Whether allocating further resources to increase low coverage in adolescent males is more effective than vaccinating females alone remains controversial. Existing studies vary in their conclusions, with most finding that targeting females alone is most cost effective: see Elbasha and Dasbach [7] (see also [8]), Taira et al. [9], Kim et al. [10, 11], Brisson et al. [12], Bogaards et al. [13], Chesson et al. [14], and [15] for a review. A common assumption in all of these studies is that the vaccination costs consist of direct costs (i.e., vaccine price) only. However, several recent publications indicate that an increase in coverage might be subject to additional marginal costs of vaccine distribution. In fact, the number of preadolescent and early adolescent girls in the USA who have completed the full vaccine series appears to have plateaued around 37% [6], which is a much lower coverage level than was assumed by previous analyses (e.g., 75% in [11]). In addition, the willingness of parents to have their preadolescents vaccinated may be decreasing, with 44% of US parents opposing vaccination [16]. Together, these findings suggest that a further increase in female coverage will require costly education and outreach programs to reach the unvaccinated population, resulting in increasing marginal costs in addition to direct vaccine costs. The necessity to study the potential impact of these additional costs on optimal resource allocation has been emphasized previously [7, 13], but to our knowledge the issue has not yet been addressed explicitly.

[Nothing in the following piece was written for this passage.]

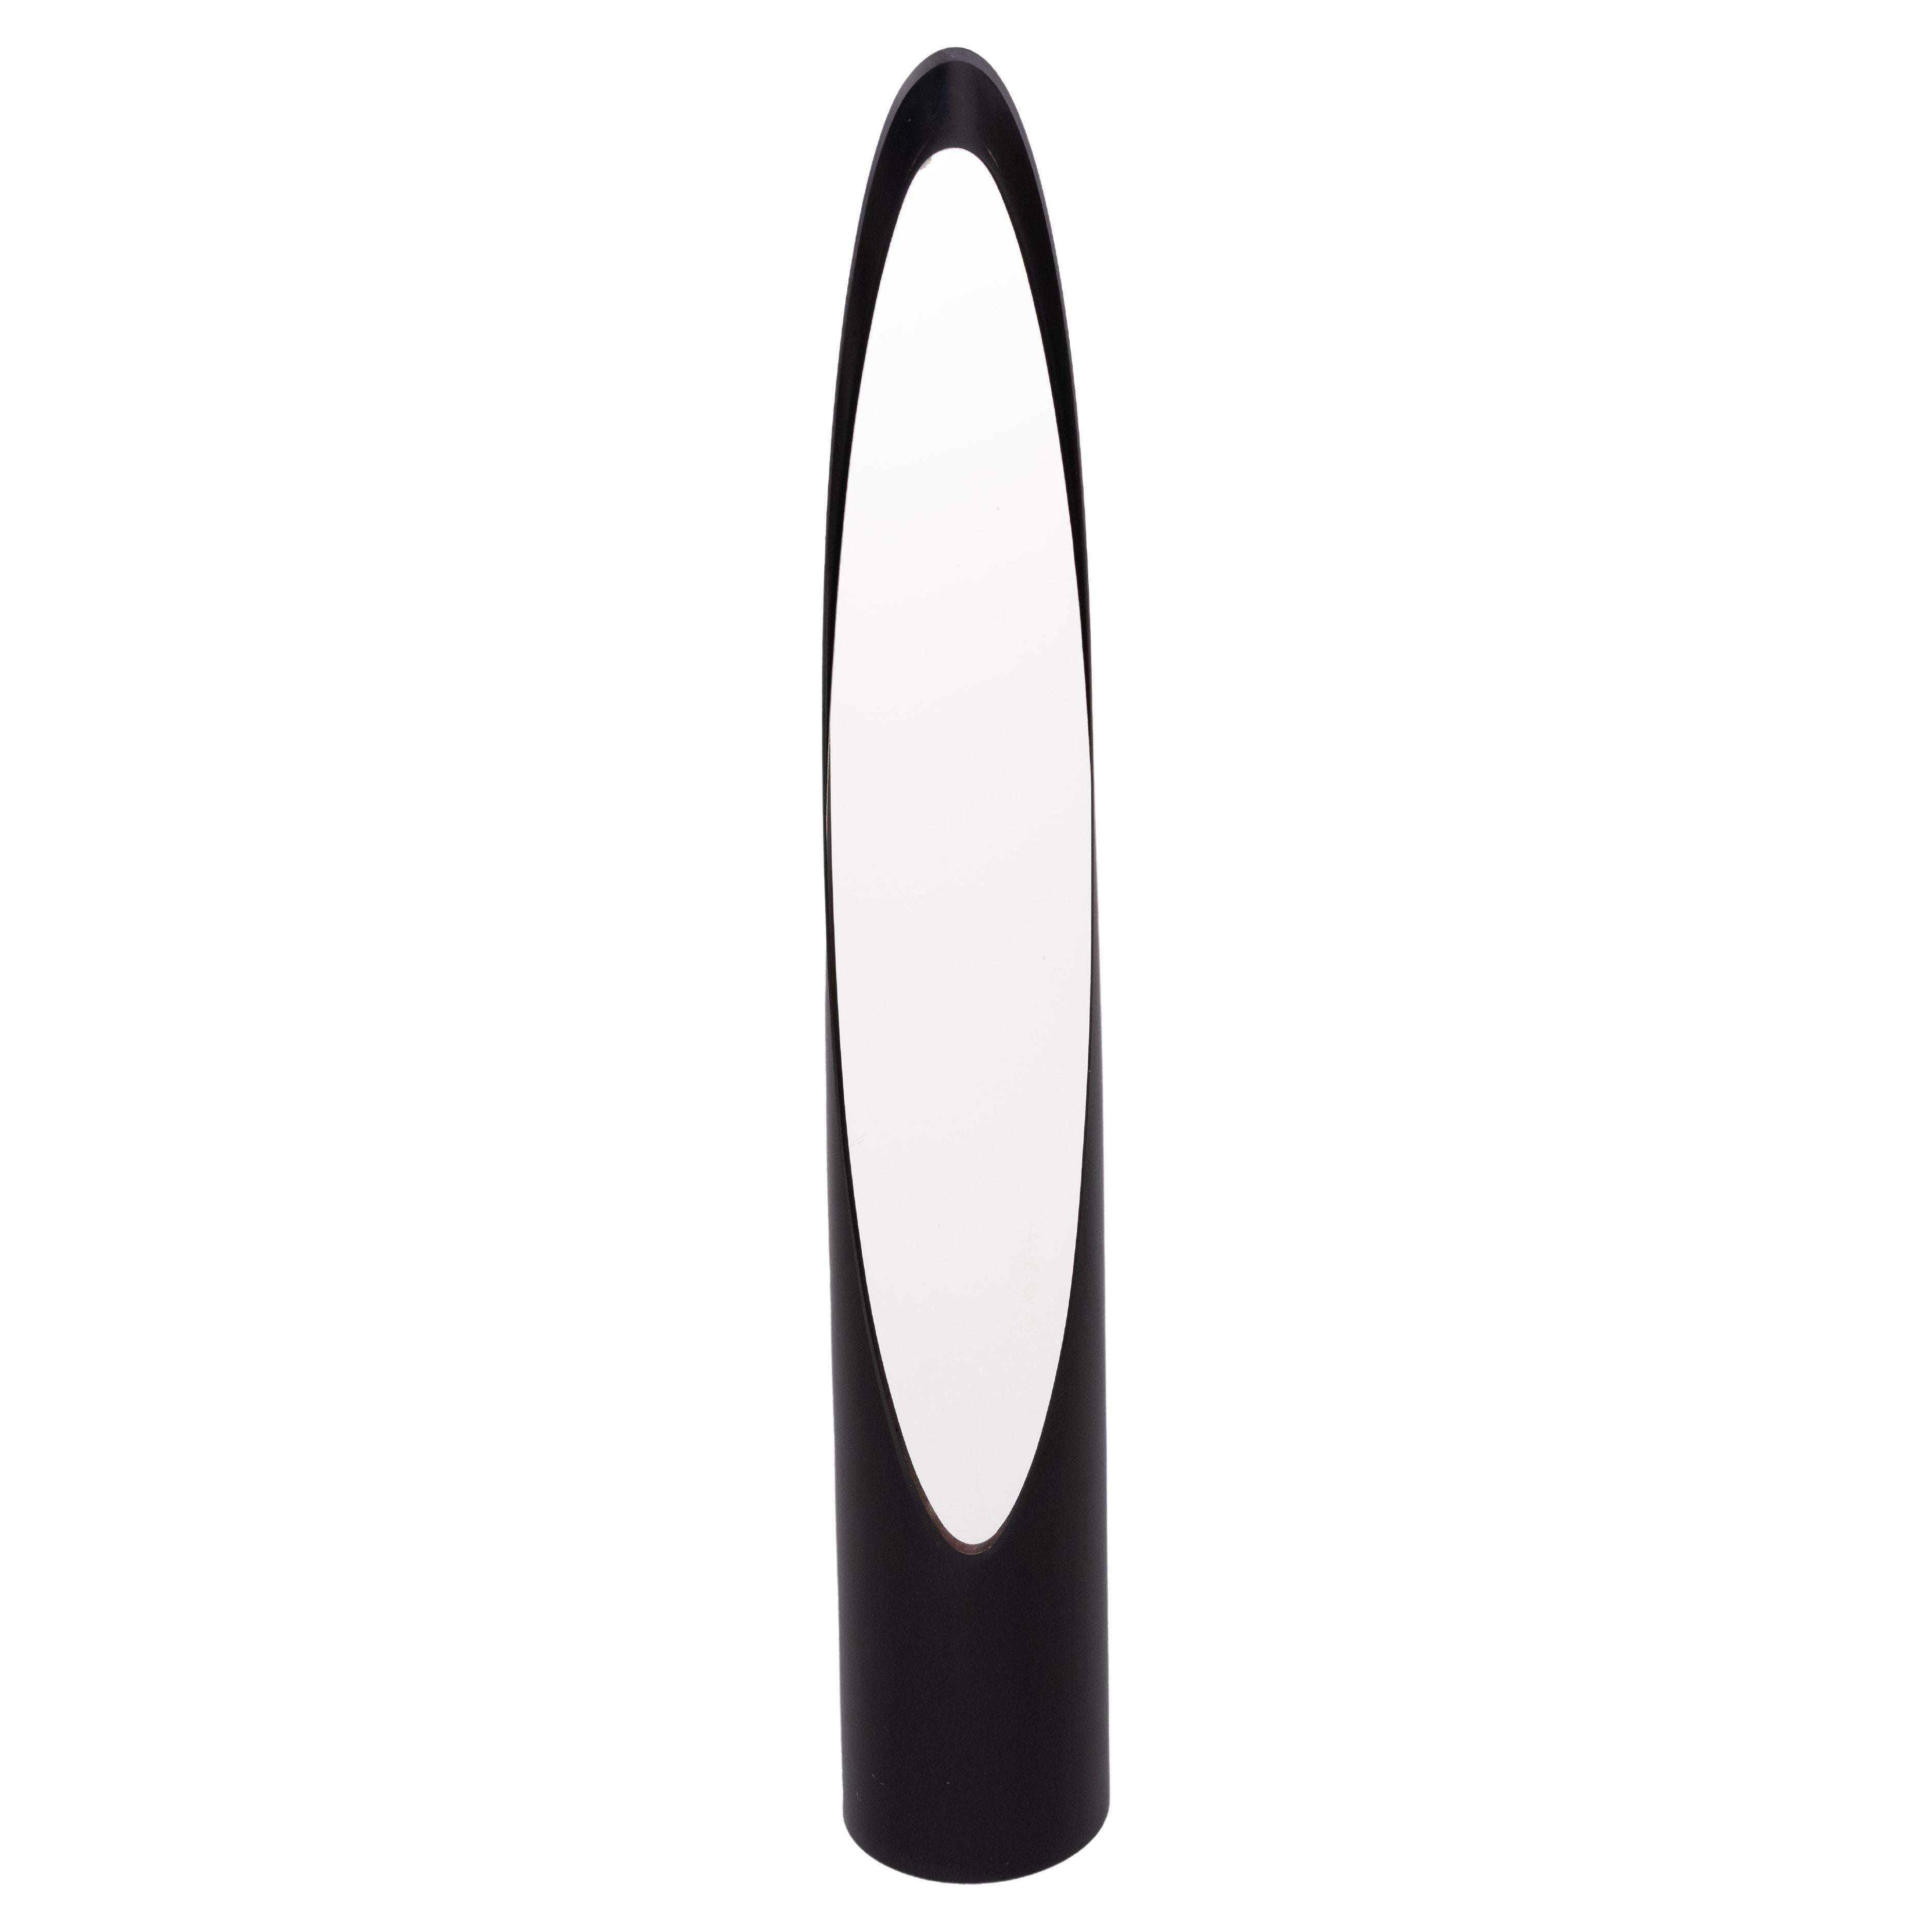 Sehr schöner Lippenstift-Spiegel in voller Länge. Schwarze Farbe, runde Form.
Space Ace im Stil der 1970er Jahre .

In this study, we develop an agent-based modeling framework to assess the impact of coverage-dependent marginal vaccination costs on optimal resource allocation policies for vaccination against HPV. We do so by considering two different scenarios. First, we assess globally optimal resource allocation in the case of new vaccine programs. In this scenario, which is particularly relevant to countries without an HPV vaccination program, we seek to identify allocation policies that yield a maximum decrease in disease burden. In the second scenario, we optimize the distribution of resources in the case where a positive fraction of the population is already vaccinated.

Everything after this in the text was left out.